### BRIEF
Will you write out the data exactly, excluding every picture?

### DATA BELOW
- - -
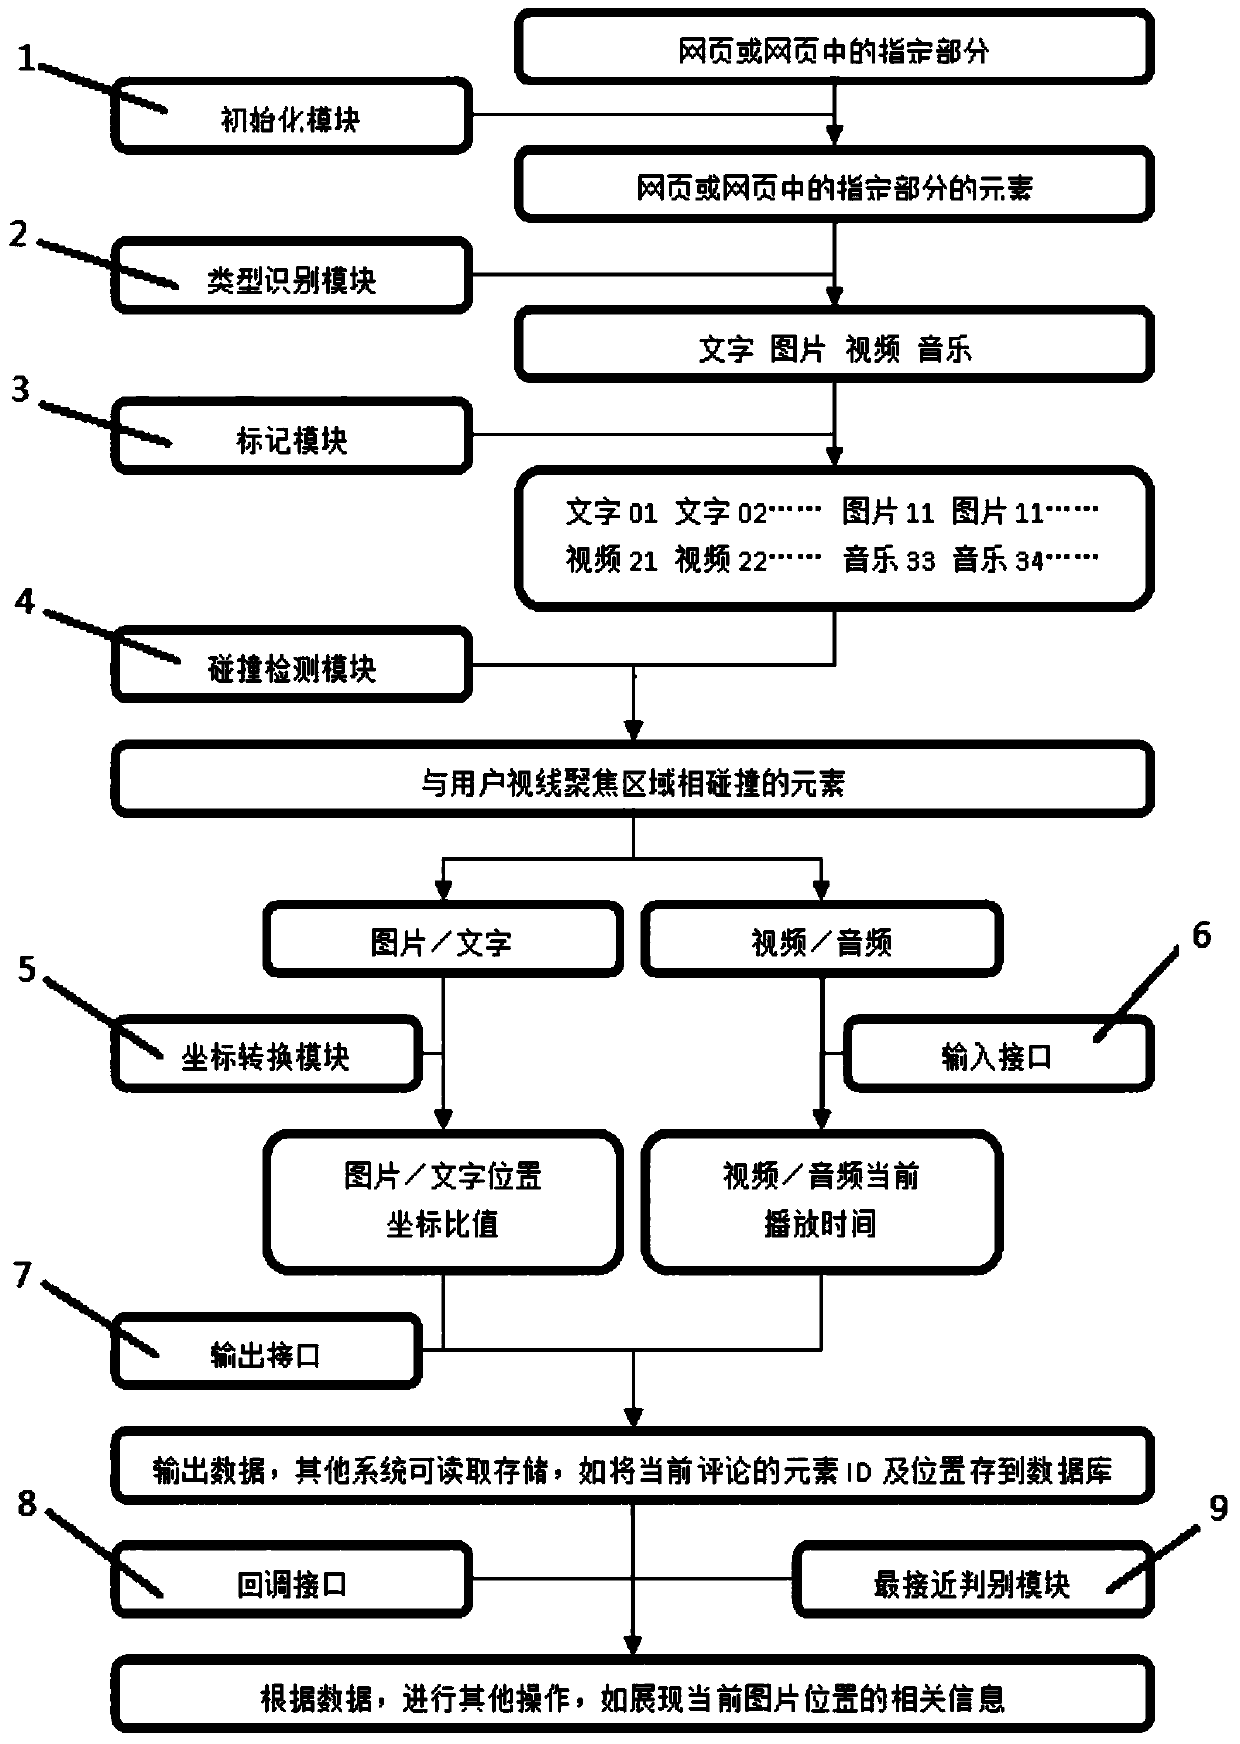 A web page location recognition system and location recognition method
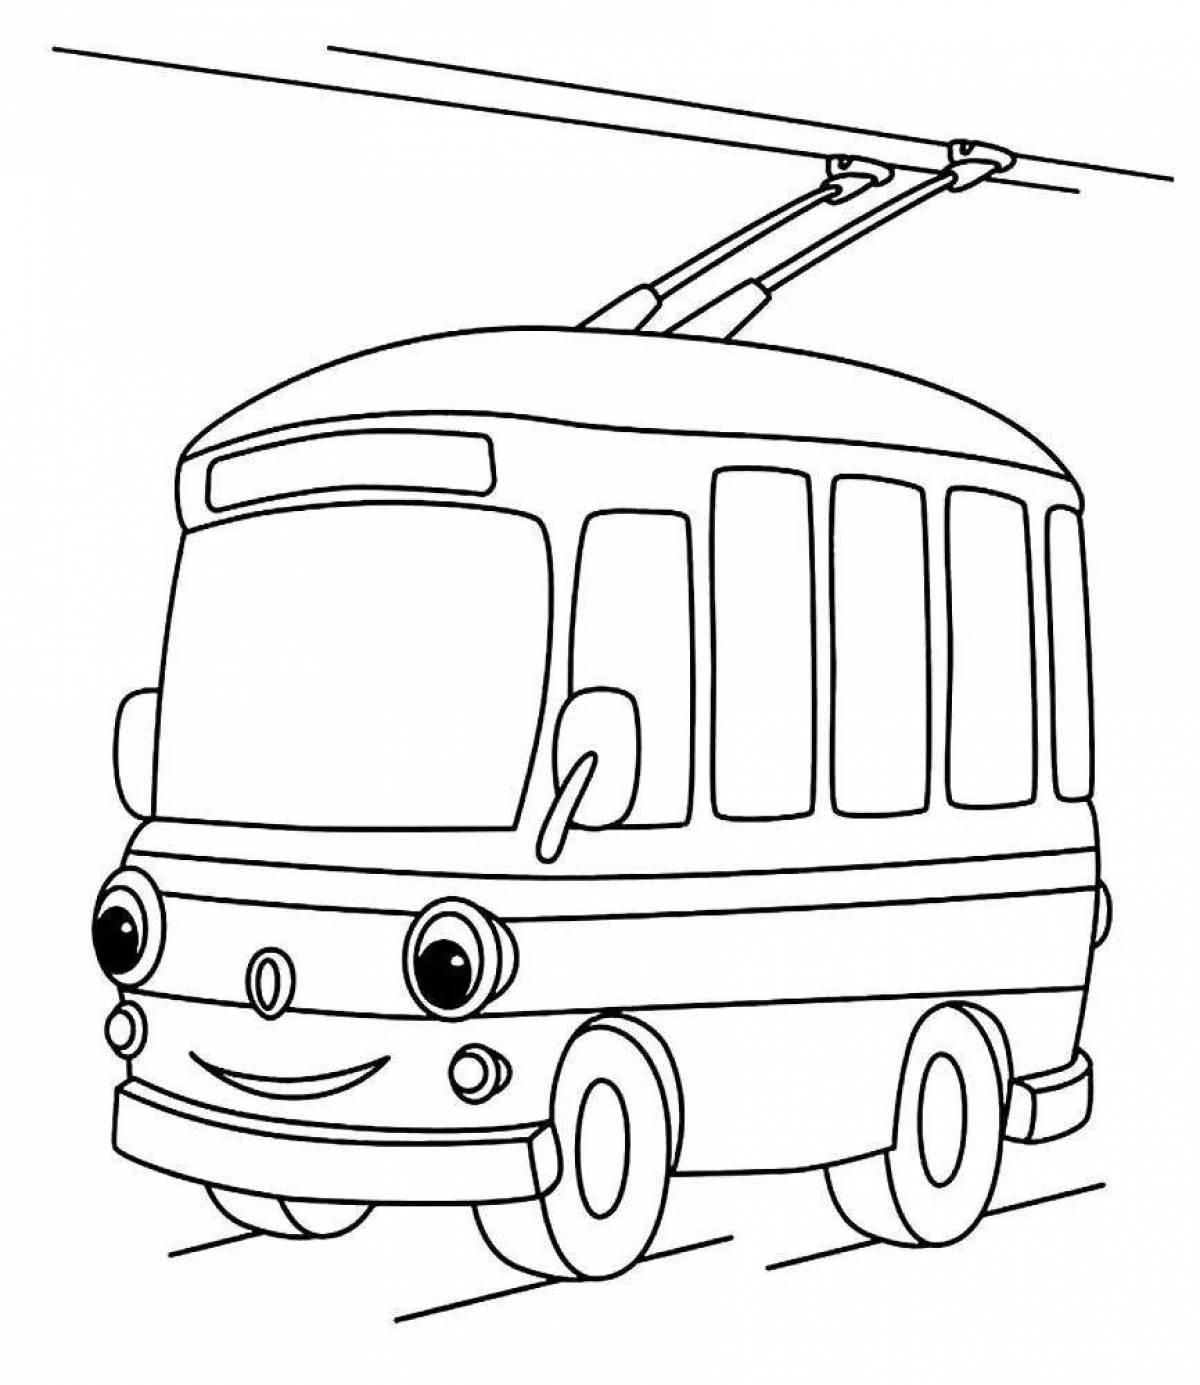 Coloring page funny land transport
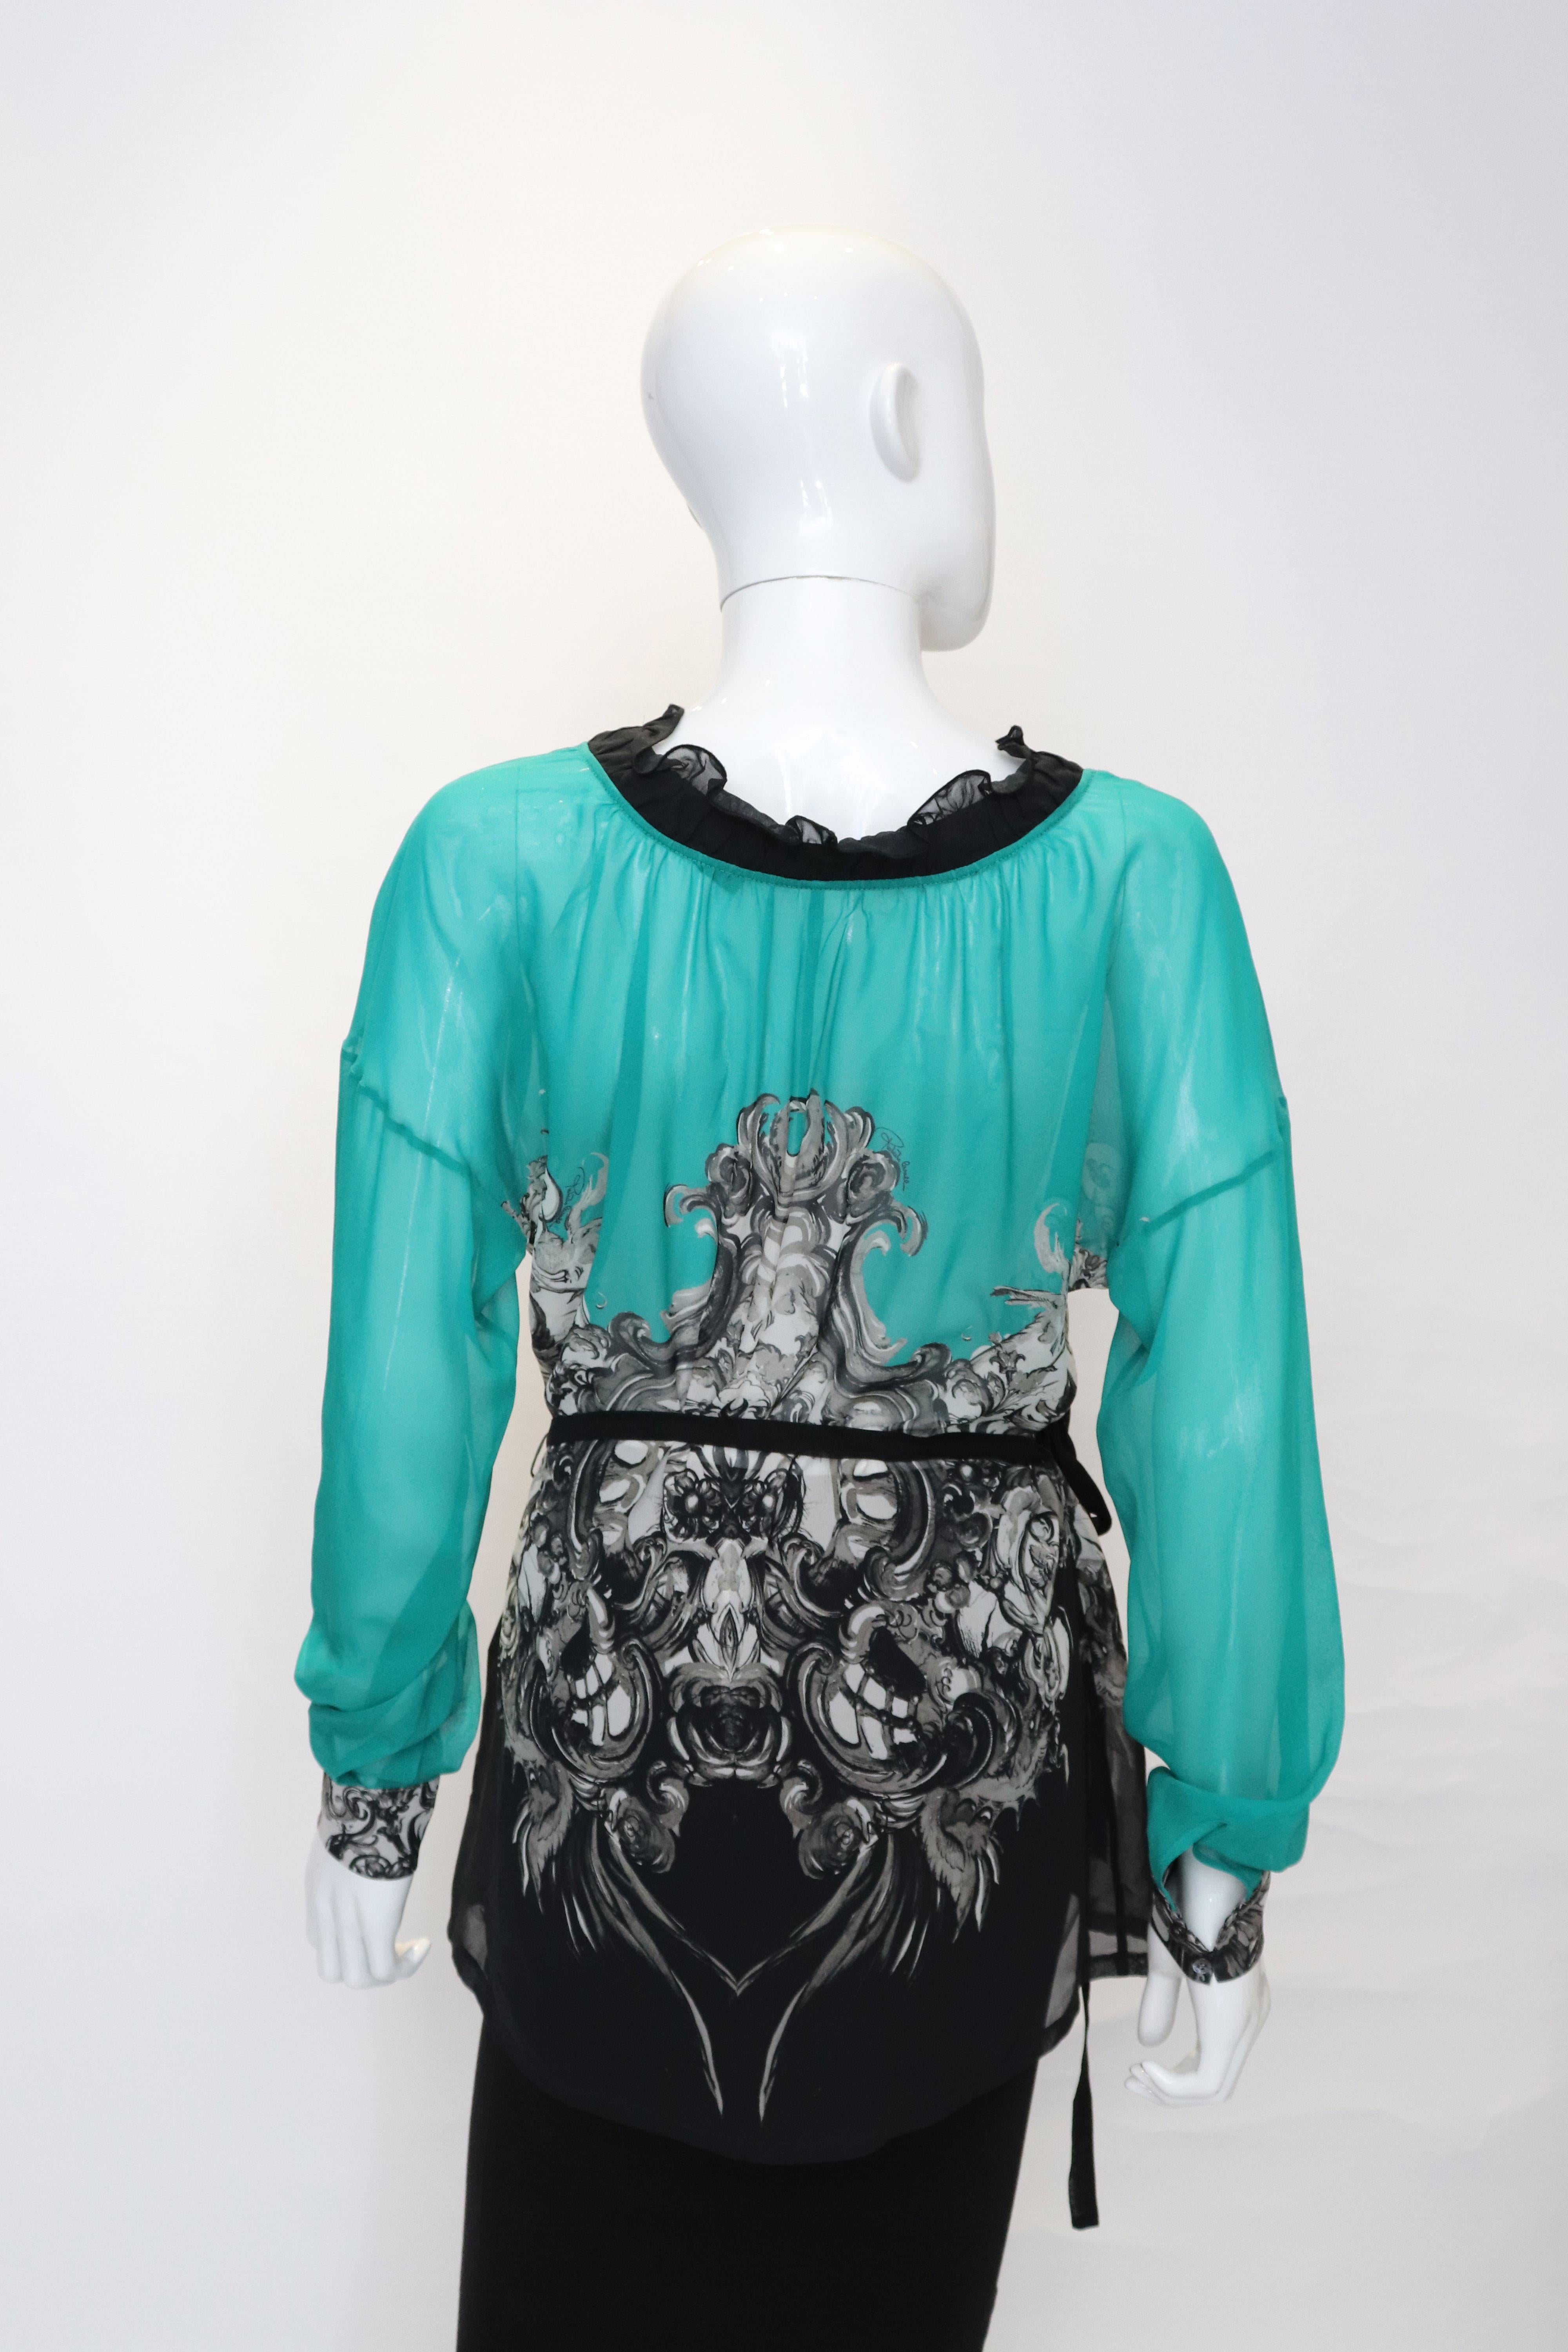 A great silk top by Roberto Cavalli. The top is emerald green and black in colour with a frill neckline and short sleeves. It has a black silk tie belt.
- - -
### EXERCISE RESPONSE
 A web page location recognition system and location recognition method
 Coloring page funny land transport
 A great silk top by Roberto Cavalli. The top is emerald green and black in colour with a frill neckline and short sleeves. It has a black silk tie belt.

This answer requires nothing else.